Last month, U.S. Bankruptcy Chief Judge Cecelia Morris of the Southern District of New York entered a decision granting summary judgment to pro se debtor, Kevin Jared Rosenberg, finding that Rosenberg had satisfied the “undue hardship” standard set forth in Section 523(a)(8) of the Bankruptcy Code, and ordering the discharge of Rosenberg’s student loan debt of more than $220,000 in Rosenberg v. New York State Higher Education Services (In re Rosenberg),  Case No. 18-35379 (Bankr. S.D.N.Y. Jan. 7, 2020).

The ‘Brunner’ Test

The notion that student loans are generally nondischargeable in bankruptcy is, perhaps, one of the more familiar principles of bankruptcy law, even to nonlawyers. This concept has evolved from the case of Brunner v. New York State Higher Education Services (In re Brunner), 831 F.2d 395 (2d.

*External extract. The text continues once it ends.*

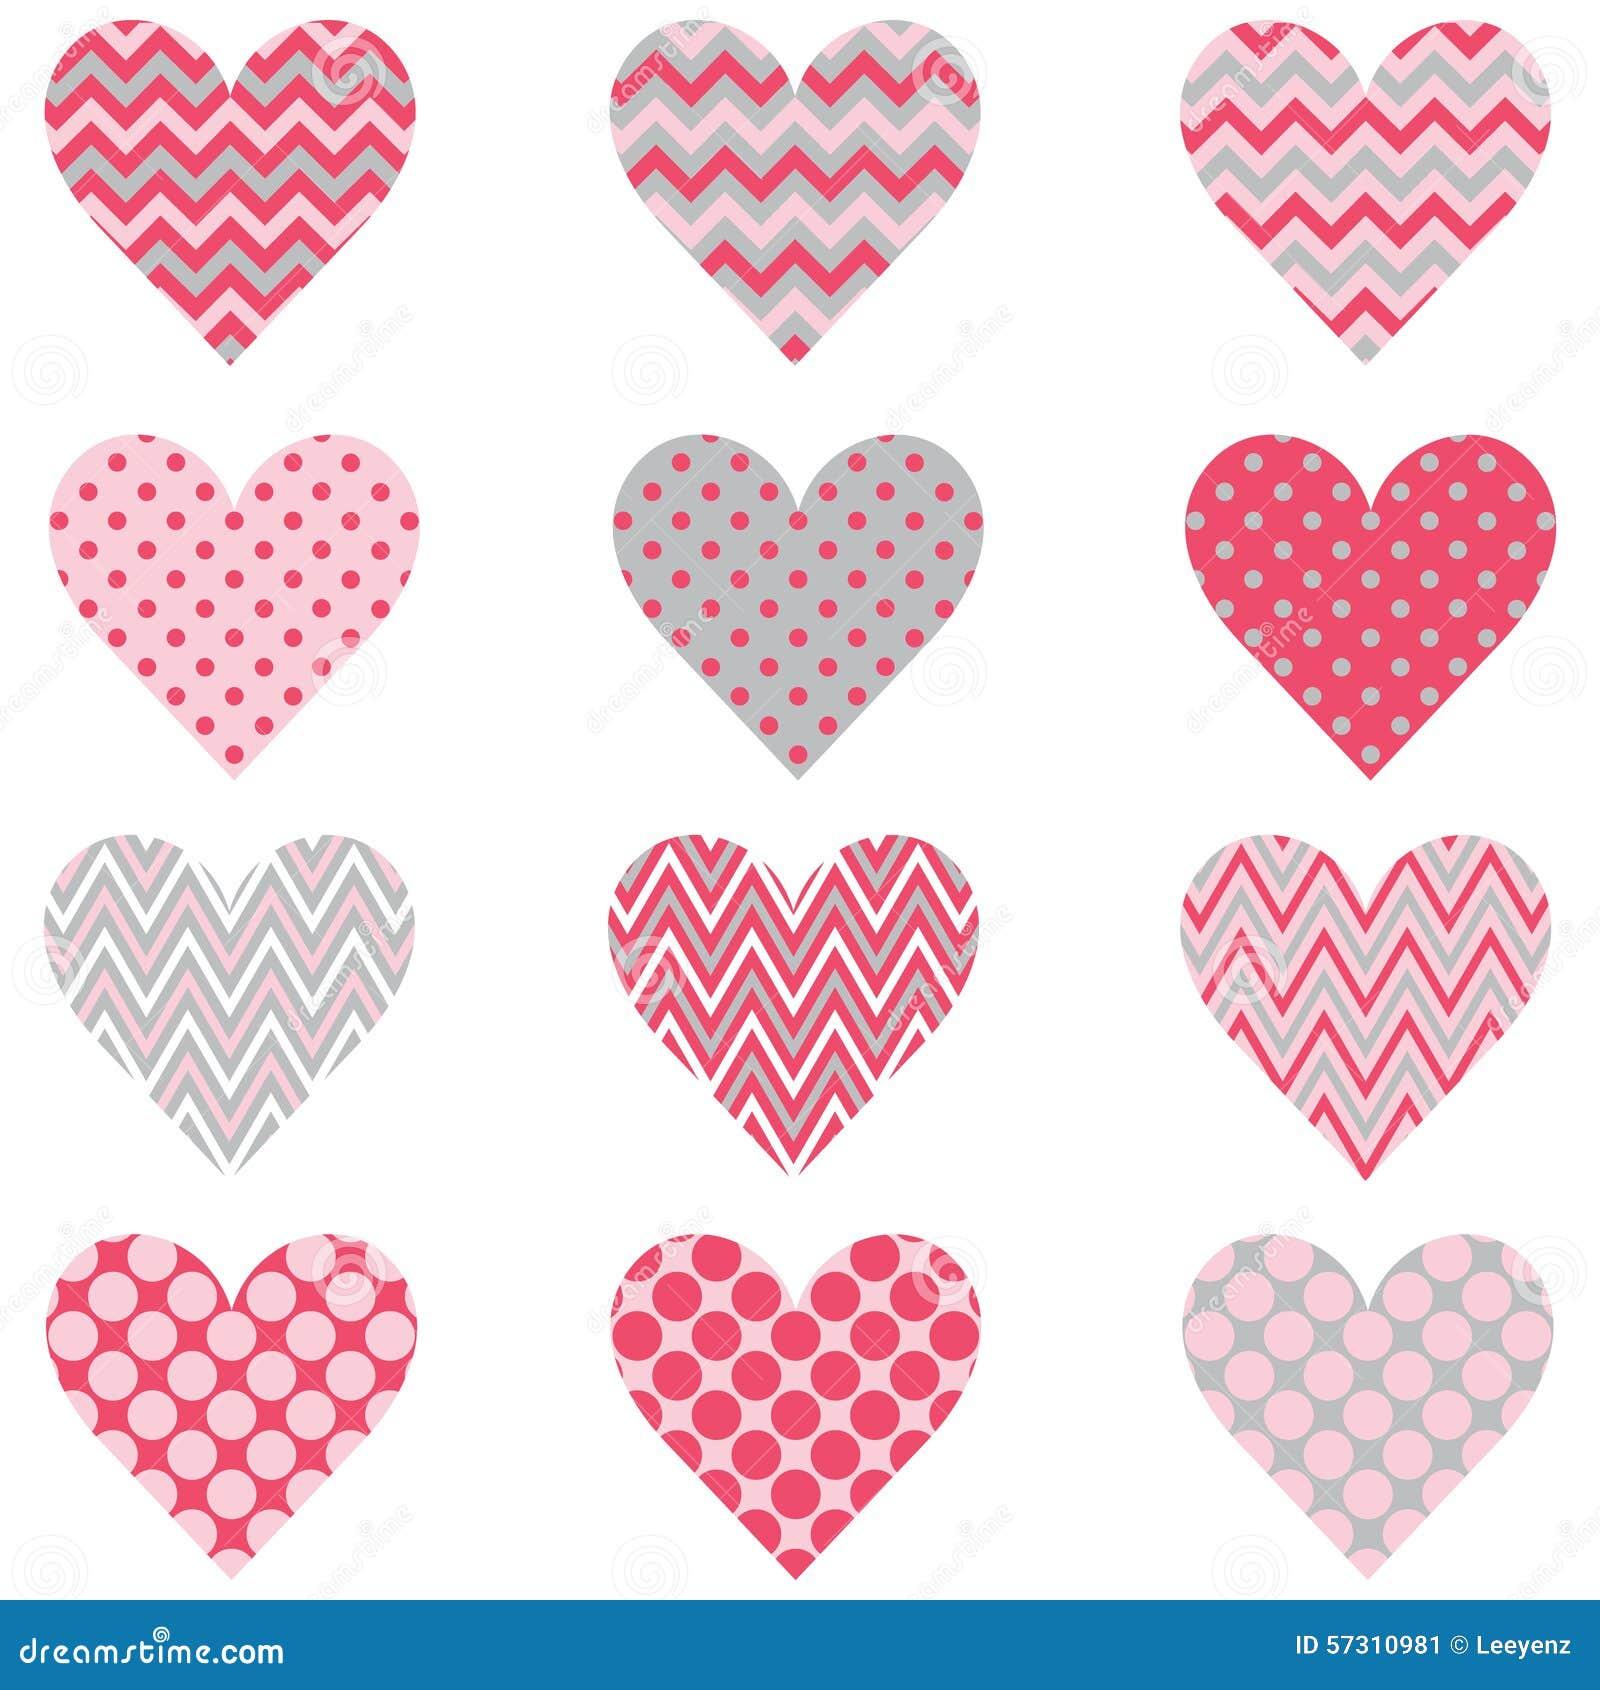 Rosa Chevron-Polka Dot Heart Shape Pattern

Cir. 1987), which established a relatively straightforward three-pronged test:

  • That the debtor cannot maintain, based on current income and expenses, a “minimal” standard of living for himself and his dependents if forced to repay the loans;
  • That additional circumstances exist indicating that this state of affairs is likely to persist for a significant portion of the repayment period of the student loans; and
  • That the debtor has made good faith efforts to repay the loans.